校長挨拶

 本校は、宝暦8(1758)年に開学した豊前小笠原藩藩校、思永斎(のちに思永館と改称)を源流としています。小倉藩は幕末維新の激動の中で、藩庁を豊津(当時の錦原)に移し、豊津藩と改めました。同様に明治3(1871)年、思永館を改称し、藩校育徳館としての教育がここ錦陵の地で受け継がれることになりました。その後、育徳学校、豊津中学校、豊津高等学校と校名は変遷しましたが、建学の精神は一度も途絶えることなく、政・財・官界、学者・文化人など多くの著名な卒業生を輩出してきました。今年創立266年を迎える全国屈指、福岡県最古の伝統校です。

 平成16年、県下初の県立中高一貫校として中学校を併設するにあたり、育徳館中学校・高等学校と改称し、校訓は「育徳」、「文武両道」「質実剛健」の校風のもと、「徳」「知」「体」のバランスの取れた「次世代のリーダー」育成を目指しています。敷地内には藩校時代の正門である「黒門」や県重要文化財である講堂「思永館」があり、夏目漱石の門下生で小説坊ちゃん)のモデルとされる小宮豊隆氏やNEC創業者岩垂邦彦氏の記念碑なども点在し、重厚な伝統と本校卒業生の偉業を感じながら、県下有数の広大な学び舎で、一心不乱に心身を鍛えます。
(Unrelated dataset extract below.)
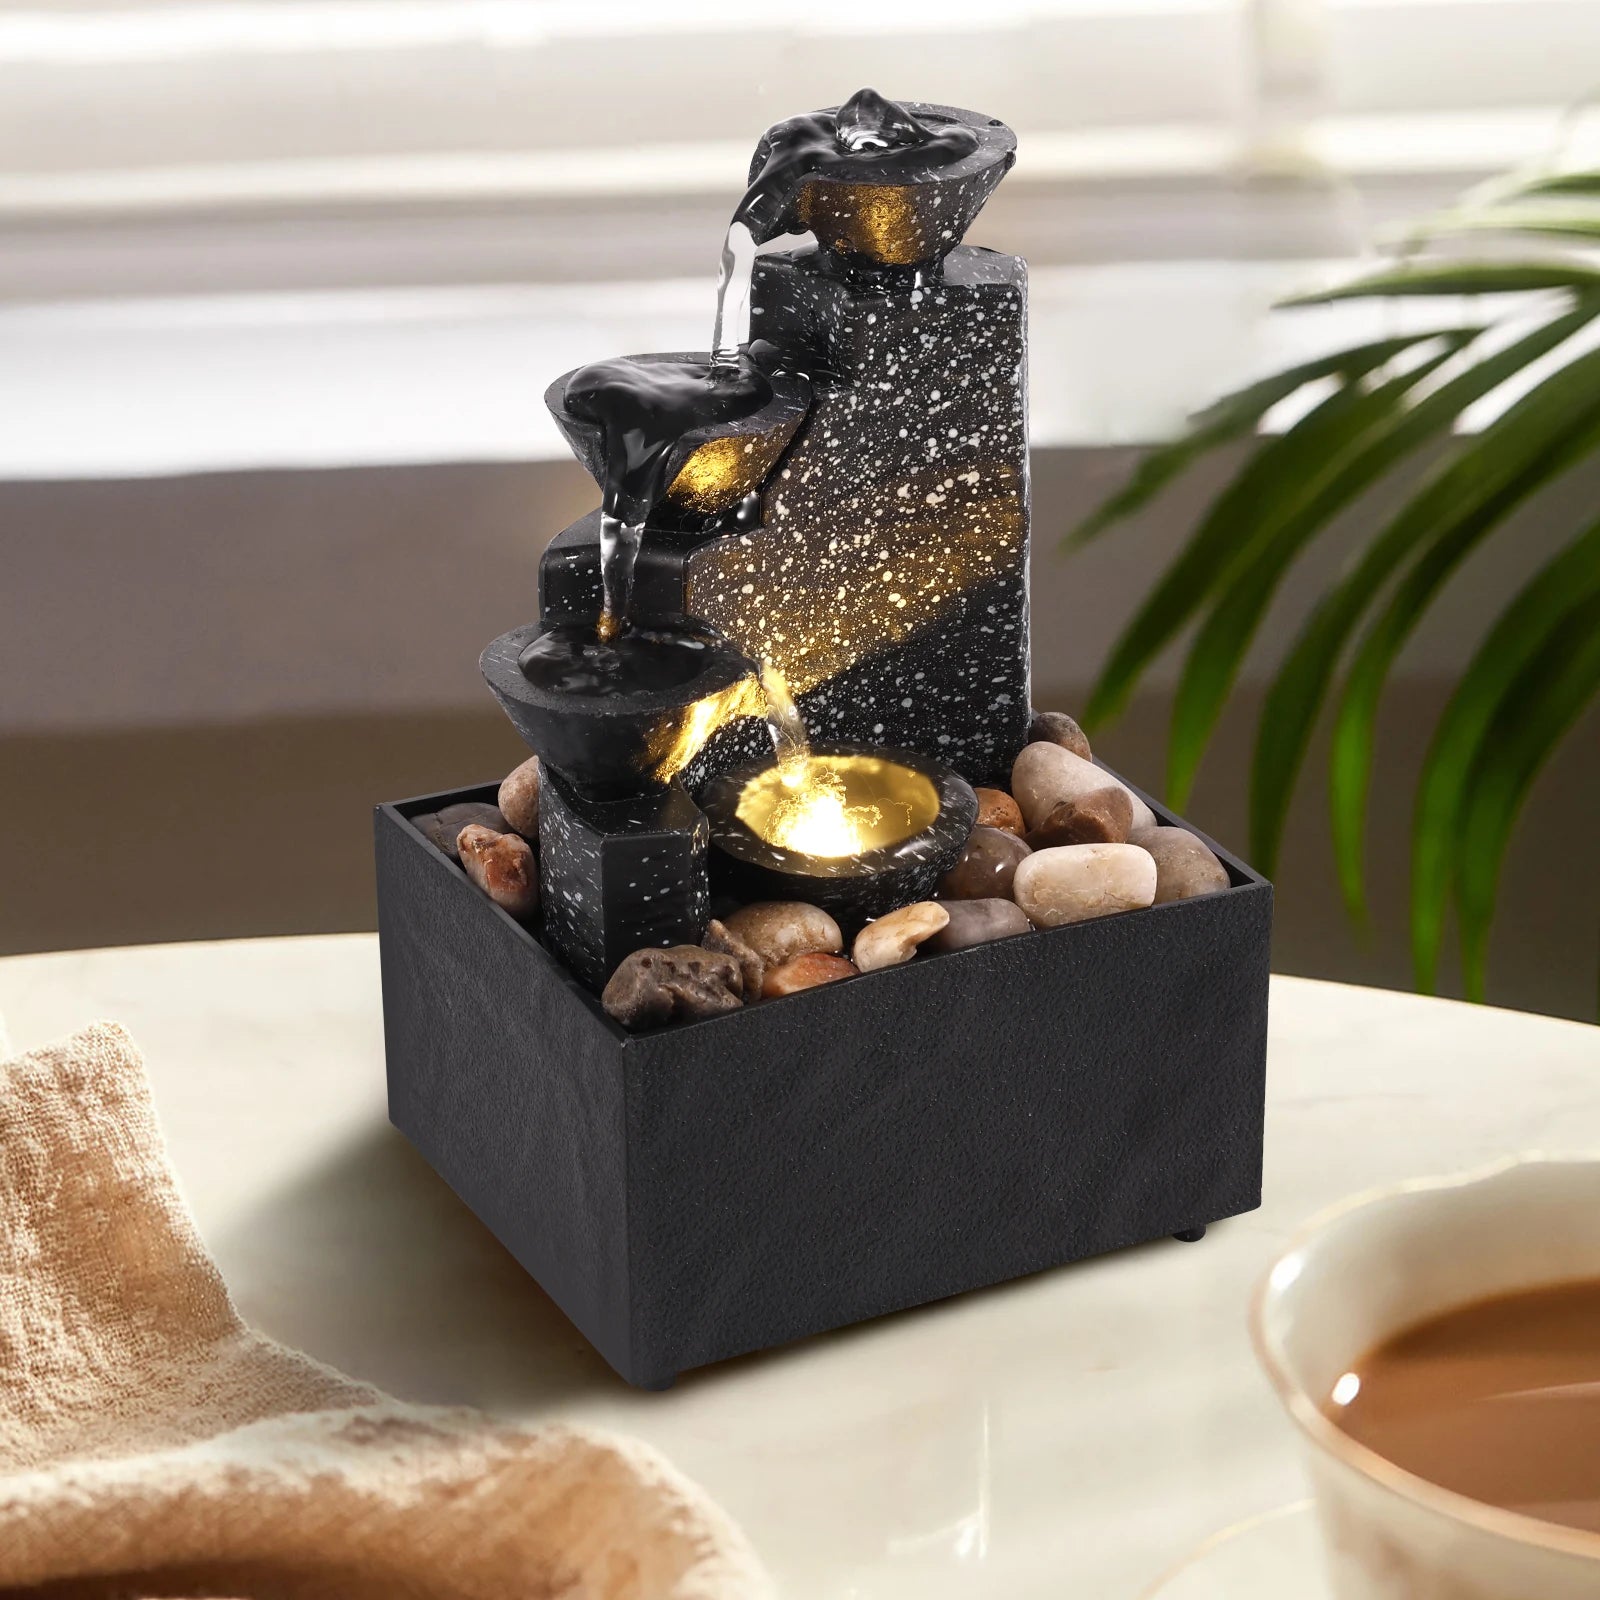 Creative Desktop Waterfall Ornament for Home and Office Decor

 体育大会・文化祭などの学校行事の多くが中学校、高等学校合同で行われ、異年齢との交流を深めながら、心の成長が醸成されます。東京研修では、東京大学や官公庁、一流企業本社を訪ね、進学・進路実現意欲を高めさせます。さらにグローバル人材の育成に向けた、英語教育も充実しており、多くの生徒が高いレベルの資格を取得しています。また平成28年度から、高校2年生では海外修学旅行(令和6、7年度はシンガポール研修)を実施しており、外国企業視察や現地大学生との交流を通して、視野を格段に広げ、心に秘めた志を一層高めさせ、必要な資質を磨く絶好の機会となっています。これからも伝統ある教育理念を継承し、先取遠望の「次世代リーダー」育成に努めます。